The main session will feature the anti-Zionist historian Ilan Pappé, who is due to discuss his project “Nakba: Return of the Soul,” together with co-creators Raja Shehadeh, a Palestinian writer, and artist Jane Frere. The exhibition “enshrines the stories of those who had to leave” Israel during the 1948 war.

According to Ms D’Amico, the director of the Edinburgh Festival, Catherine Lockerbie, “is a great festival organiser, a friend and a role model. In 2006, she rejected calls for a boycott of Israeli speakers when the Edinburgh Film Festival shamefully did not. This is why I was saddened now to see that in 2008 the only recognition of Israel’s 60 years of existence is a talk on the Nakba, with no-one to make the case for Israel.”

According to the festival programme, Dr Pappé “has uncovered the full extent of what he considers ethnic cleansing” in Israel.
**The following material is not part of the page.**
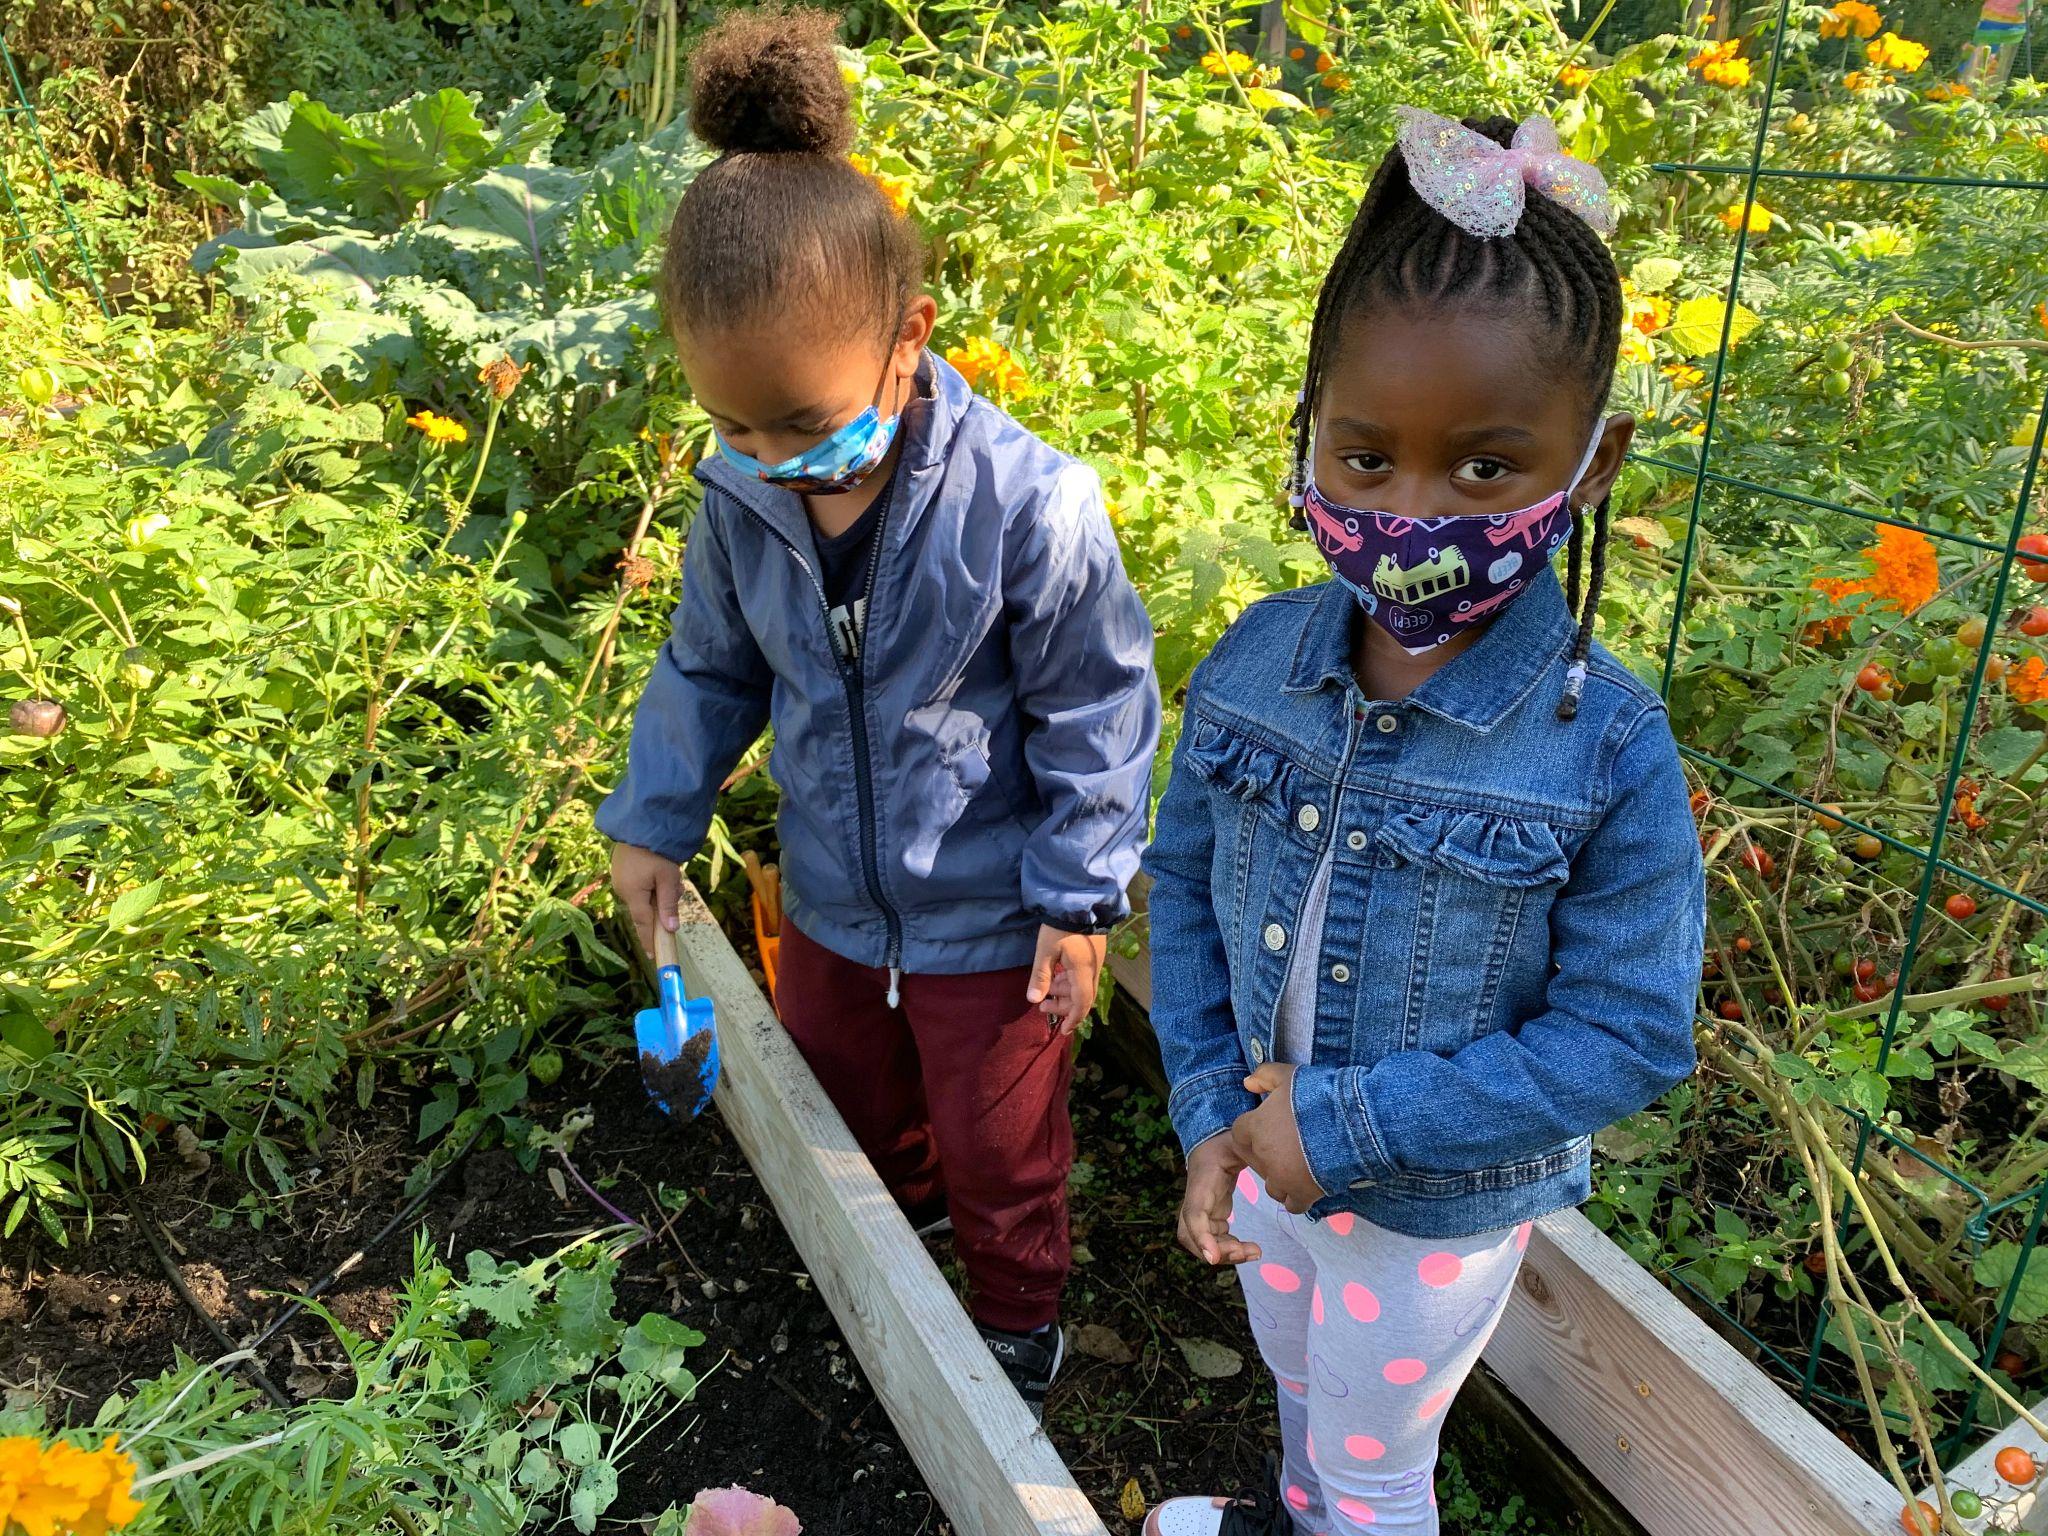 Early-Childhood-New York-Kingsbridge-Heights-2021 6.jpg

It adds: “In this 60th anniversary year of the founding of Israel, we have a special focus on the Nakba — the displacement of the Palestinians to make way for the new population, and the seemingly intractable problems which resonate to this day. Equally, we examine Jewish experience and some of the horrors of the Holocaust in [our section on] Jews in the world.”

Colin Shindler, professor of Israeli Studies at London University and author of a recent history of Israel, commented: “The organisers are politically illiterate. The unsaid agenda is not to recall the Palestinian Nakba — a legitimate subject for discussion — but to underline the fact that the Jews really do not have a right to national self-determination in Israel. The festival’s ‘outrage’ is selective and they do a disservice to intellectual debate in this country.”

But Ms Lockerbie told the JC: “The Festival is passionately committed to exploring all sides of world affairs. We are proud to have had some distinguished Israeli writers, including Amos Oz and David Grossman, as well as powerful voices from the Jewish community in the UK , USA and Europe. It is not always necessary or desirable to balance out viewpoints, in a potentially tokenistic way, within a single hour-long event.”


On the schedule

The Edinburgh International Book Festival includes these events:

AUGUST 9  — Russell Razzaque  on “what turns a human being into a human bomb, a revealing insight into Islamic suicide bombing” 

AUGUST 9 —  Jane Frere, Ilan Pappé  and Raja Shehadeh: “To mark the 60th anniversary of the founding of Israel, the three will examine the enforced exodus of the Palestinian population” 

AUGUST 10 — Abdel Bari Atwan & Kasra Naji: Bari Atwan on his journey from boyhood in a Palestine refugee camp to leading journalist and Naji on Iran’s president Ahmadinejad.

AUGUST 10 —  Eva Figes and Ladislaus Löb:  Jews escaping the Nazis 

AUGUST 19 —  Edna Fernandes on the forgotten Jews of Kerala.